“……说什么?”
“随便,都可以。”
这话一出,不止岑月,连喻洲身边的人也都是一头雾水。但是他却完全不像是在说笑。
岑月不知道喻洲葫芦里卖的什么药,干脆沉默。
显然她的沉默让人很不快。就像是要吃的没要的婴儿,喻洲脸色立马就沉下来,稍稍低下头,眼睛直直地盯着她:“我让你继续说。”

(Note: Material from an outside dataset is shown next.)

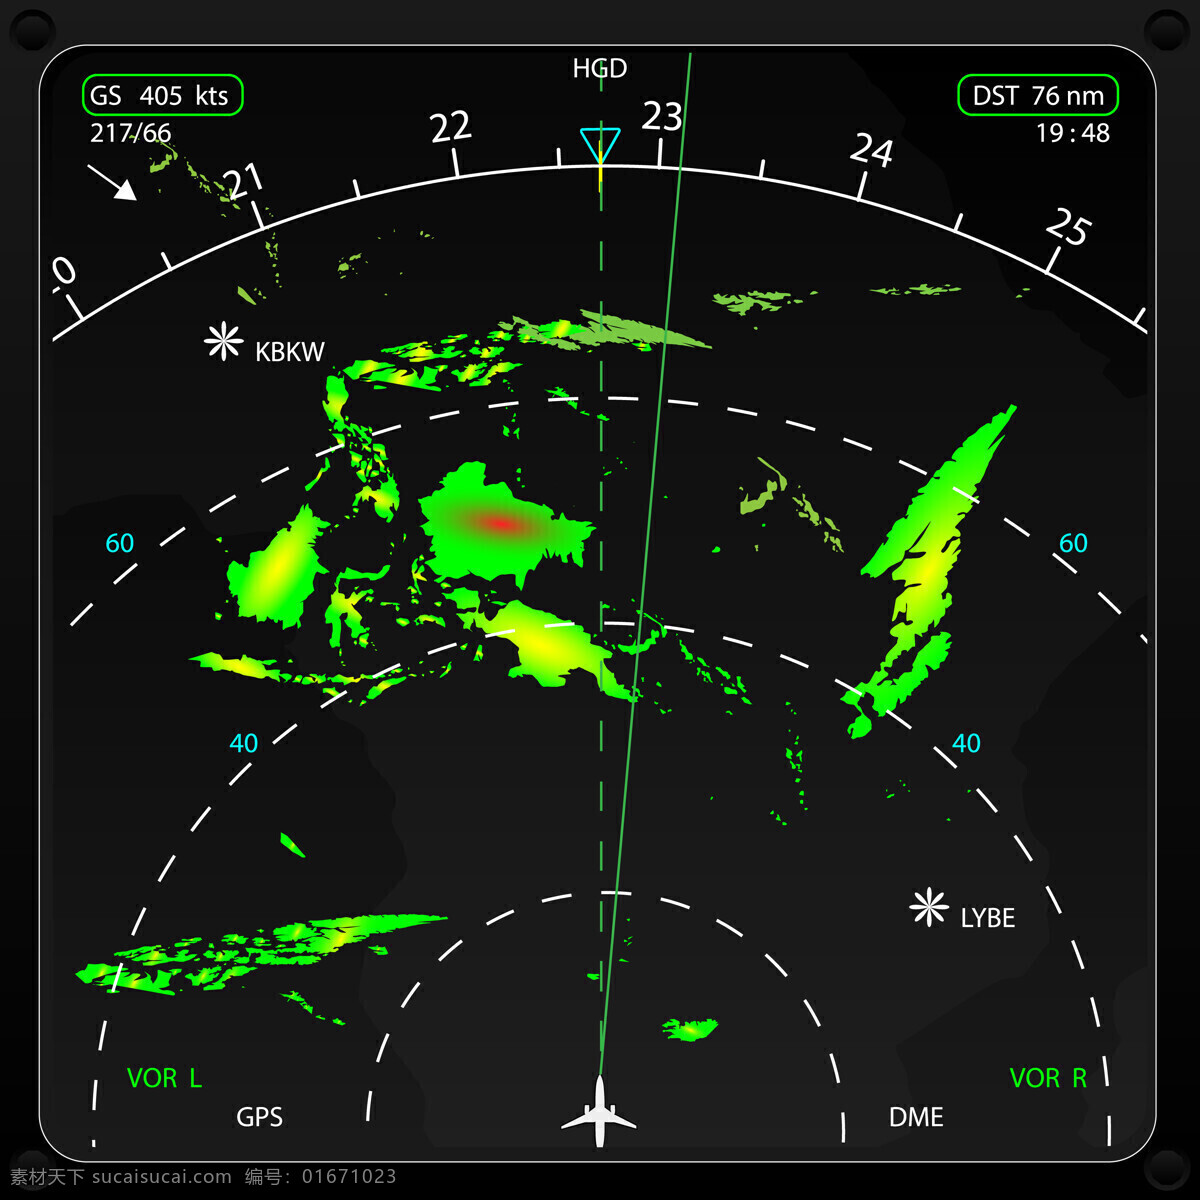 飞机 雷达 飞机驾驶室 飞机雷达 机长室 驾驶室摄影 飞机图片 现代科技
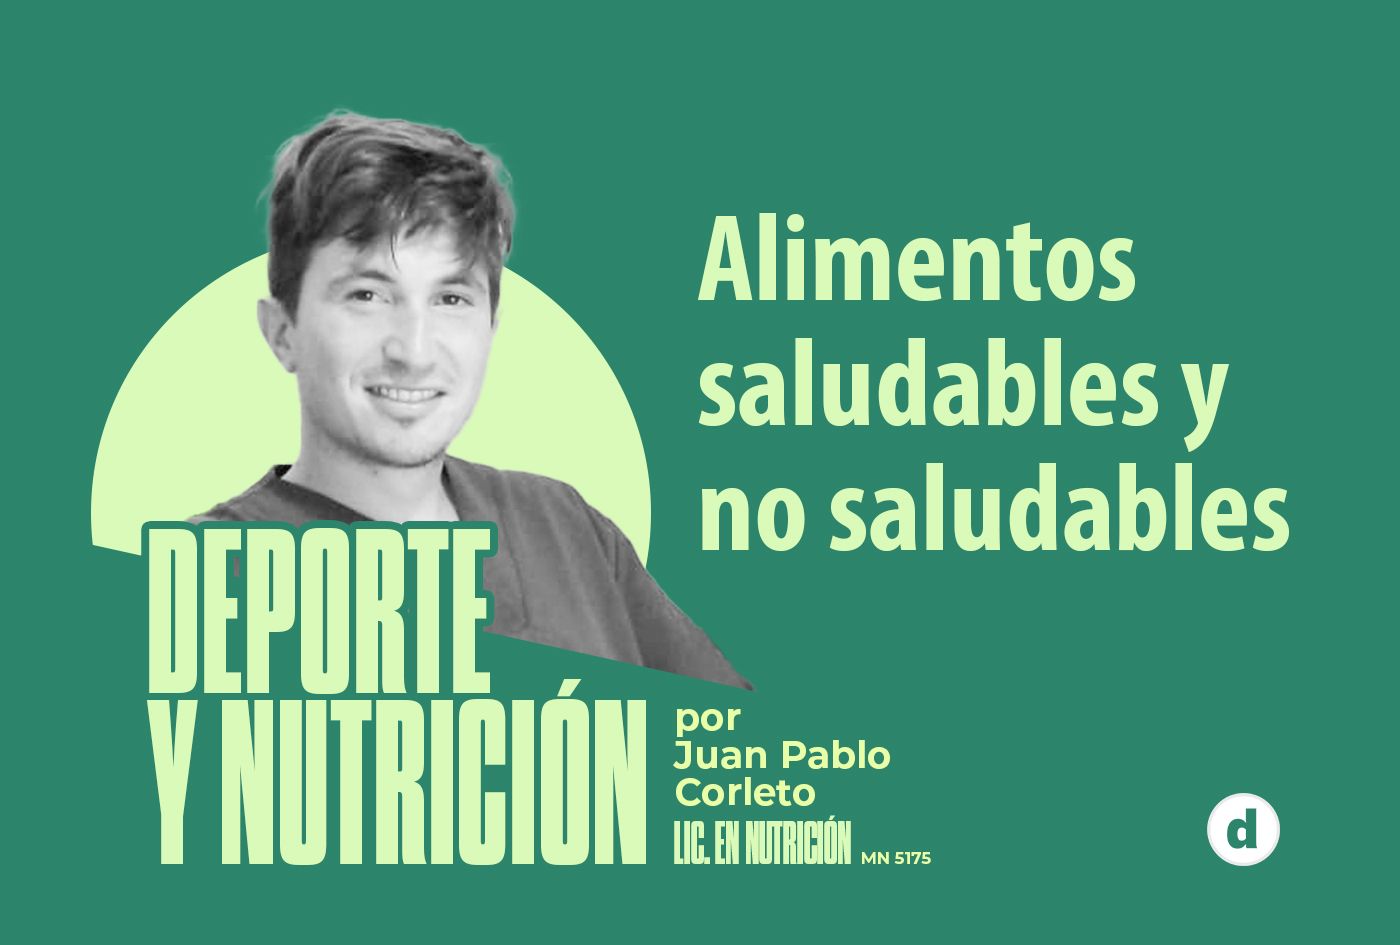 La columna del nutricionista Juan Pablo Corleto: “Alimentos saludables y no saludables”

岑月没来得及开口,突然被人往后一拽,李元元站到她面前。
“你谁啊,你让说就说,别人是你的玩具吗?”
喻洲身体往后拉开距离,不耐烦地伸了伸脖子,蹦了一个字出来:“烦。”
不等李元元说话,手越过她,一把将岑月从她身后拽了出来。
“岑月!”李元元想把她拉回来,但站在旁边看戏的人突然挡过来,把李元元隔在另一边。
喻洲这下明显是抱着必须把她拽过来的打算,力道之大,岑月被拽得踉跄一步,最后手凭空一抓,在栏杆上扶了一把,才险险站稳。
手上传来沙沙的刺痛,应该是受伤了,但岑月这会儿也顾不上了。
“你们到底想干什么?”李元元质问。
“这儿没你的事,少管闲事,对你没坏处。”挡在李元元面前的人说。
“她的事就是我的事。早点滚,对你们没坏处。”李元元说。
“呦,口气不小啊。”
“你以为我是在跟你说笑吗?”
听着身后的对话声,岑月抬头对上还拽着自己手的人,定定神:“你今天来,不是因为那幅画的事吧?”